As detective Harris is processing the self-proclaimed time traveler Harris' broker finally returns his call. Harris tells his broker that he wants to go heavy into "gold bullion...no coinage fees." As Harris talks to his broker about gold Boyer makes several grimaces. Harris tells his broker he'll call him back and then asks Boyer if there is something he should know. Boyer then recounts of a major gold discovery that would occur in Canada sometime around 1981 (the next year) that will plunge the price of gold down to $35 an ounce. Harris whistles and then laughs stating, "There for a second I almost forgot you're crazy!"

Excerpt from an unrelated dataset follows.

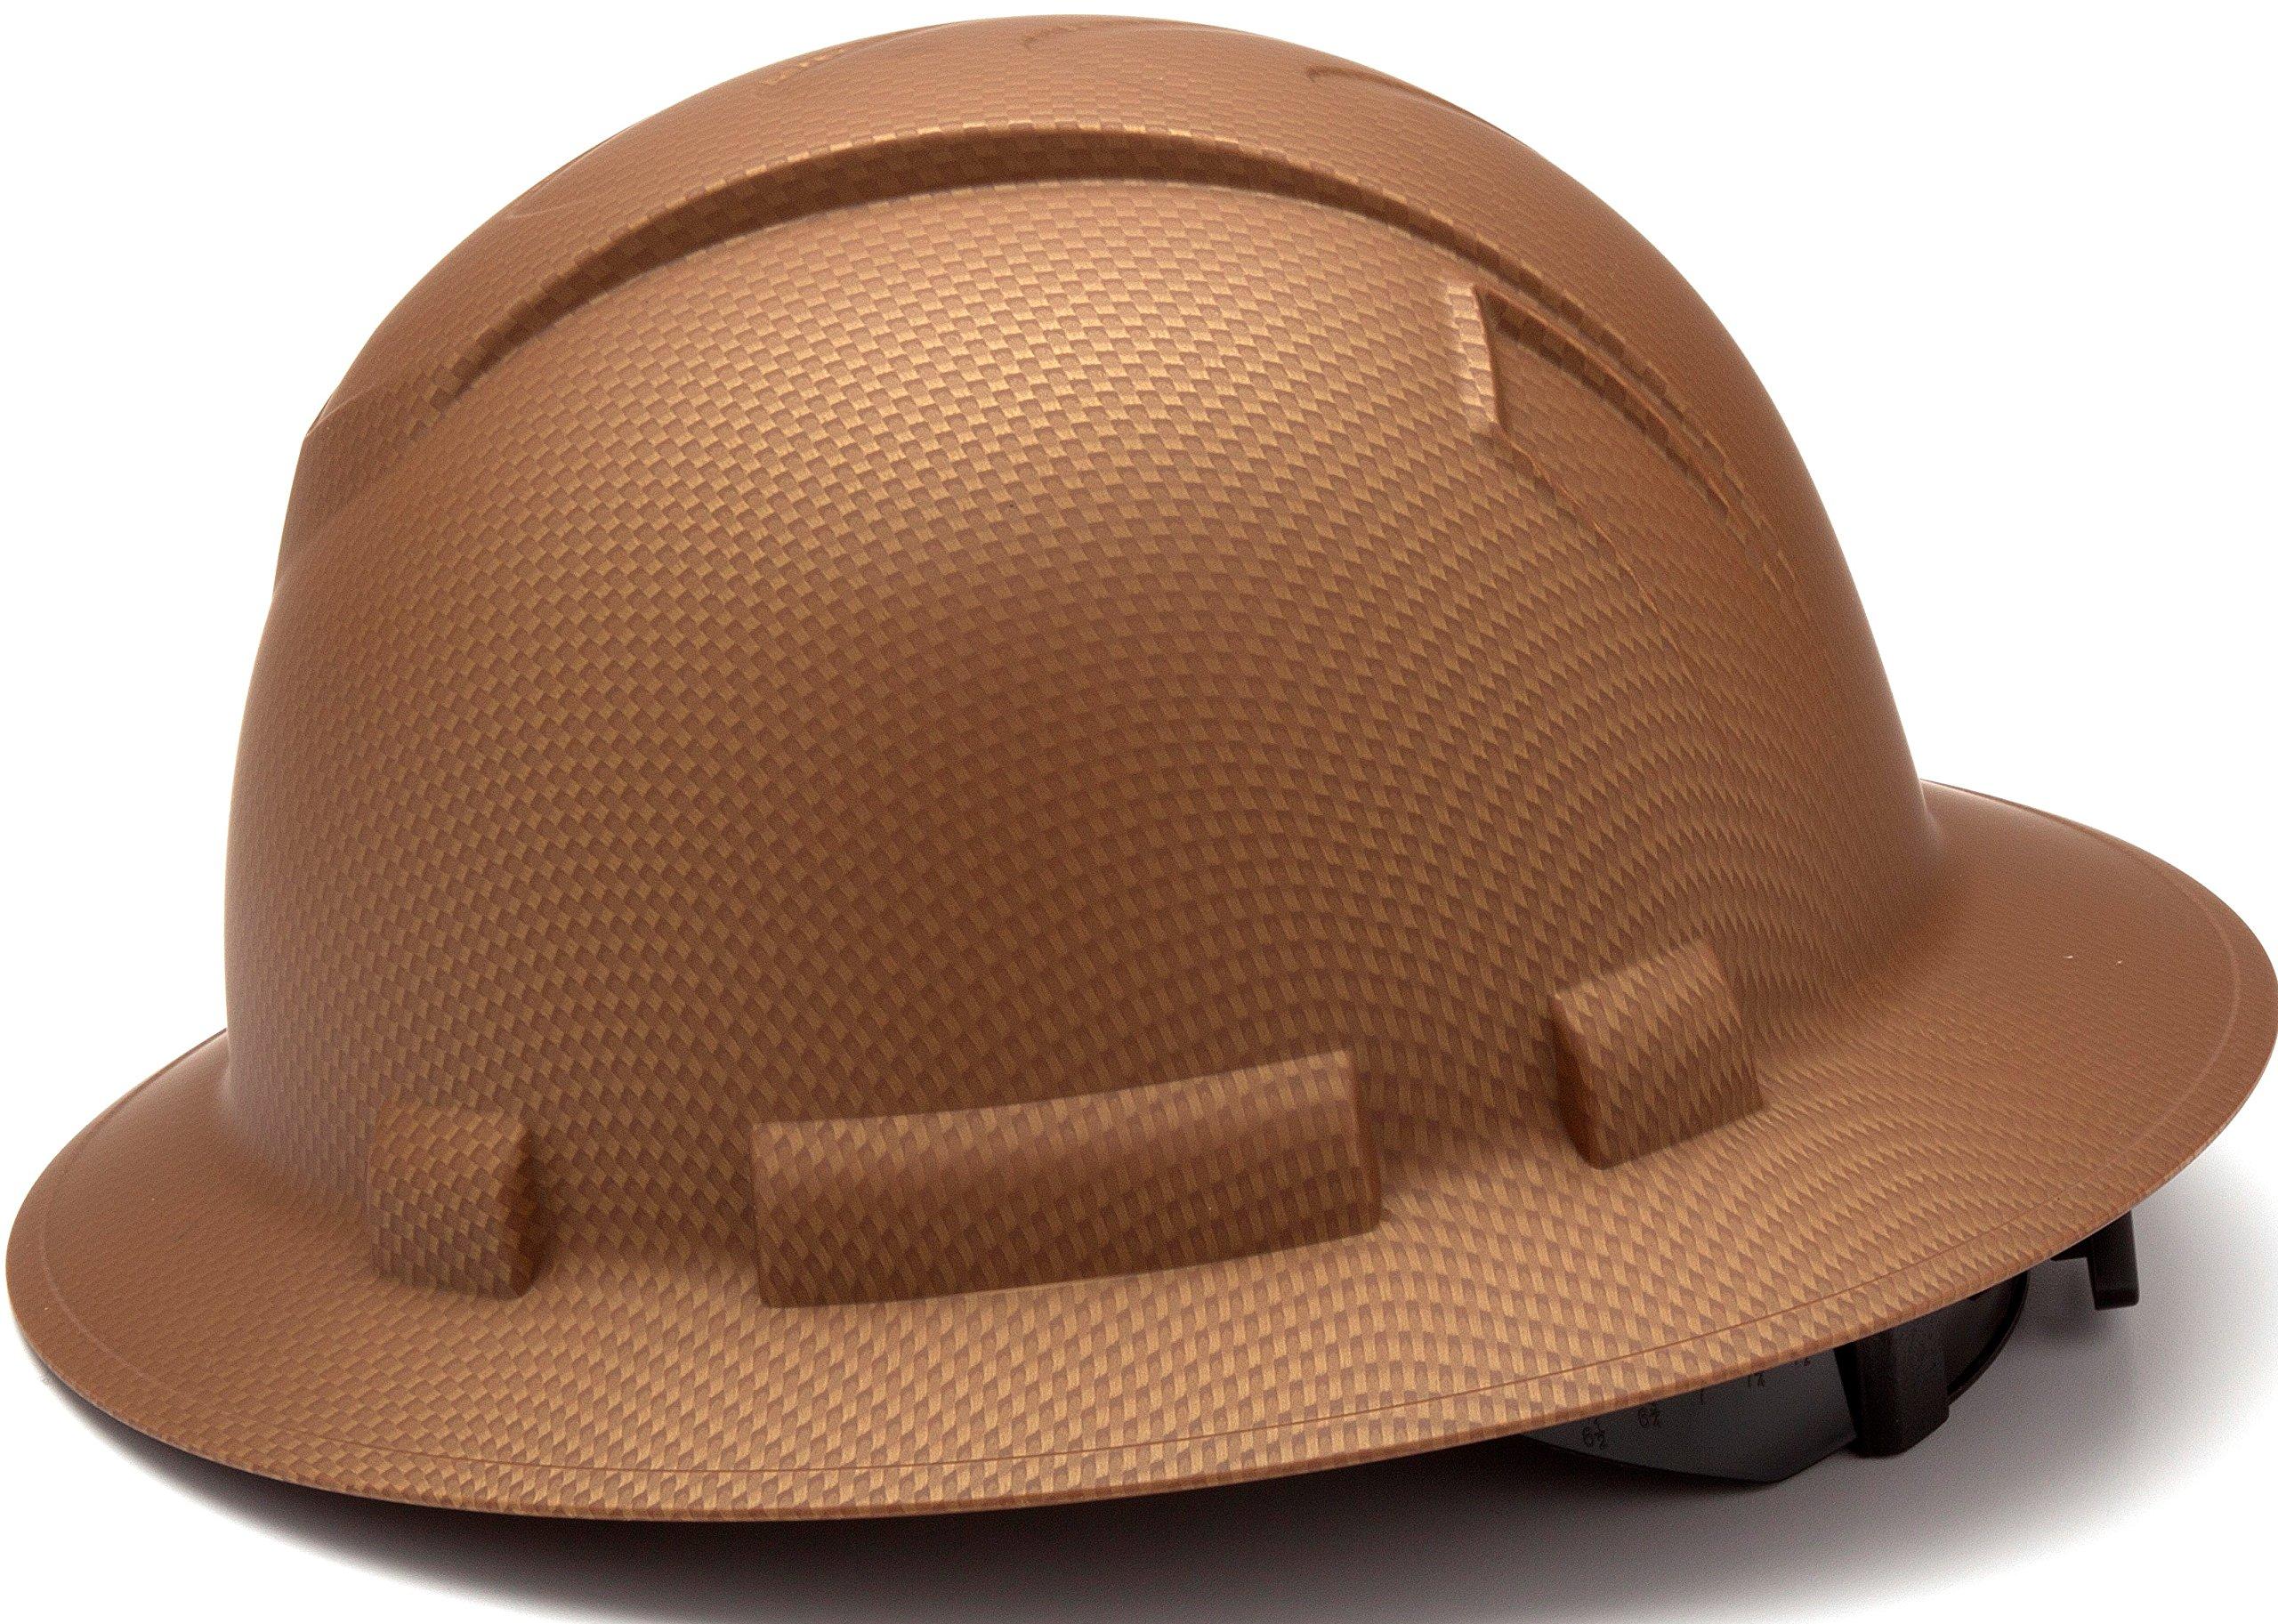 Pyramex Safety PYRAMEX - HP54118 - Copper - Full Brim Ridgeline Full Brim Graphite Pattern Hard Hat, Copper Graphite Pattern by Pyramex Safety (Image #3)

As detective Harris later puts Boyer in a jailcell Boyer explains how the plunge in the price of gold causes the world economy to collapse. According to Boyer in 1984 zinc would replace gold as a world standard.

Apparently Boyer had a lot of persuasion because the next time Boyer is shown in the episode he's still in his cell as Harris is on the phone with his broker ready to invest in a "couple of tons" of zinc after his broker quotes a price of 37.5 cents per pound.

It's not clear how much a "couple of tons" is but I'll set it as three tons for this analysis. So:

$0.375/pound x 2000 pounds/ton = $750/ton of zinc
$750 x 3 tones = $2,250 investment

I know about troy ounce but the show uses the term "pound" when giving the price. I assume the literal term was intended in the script for calculating purposes.

According to the Inflation Calculator on usinflationcalculator.com Harris' investment would be $7,067.05 in 2020 US dollars. A 214.1% increase in inflation.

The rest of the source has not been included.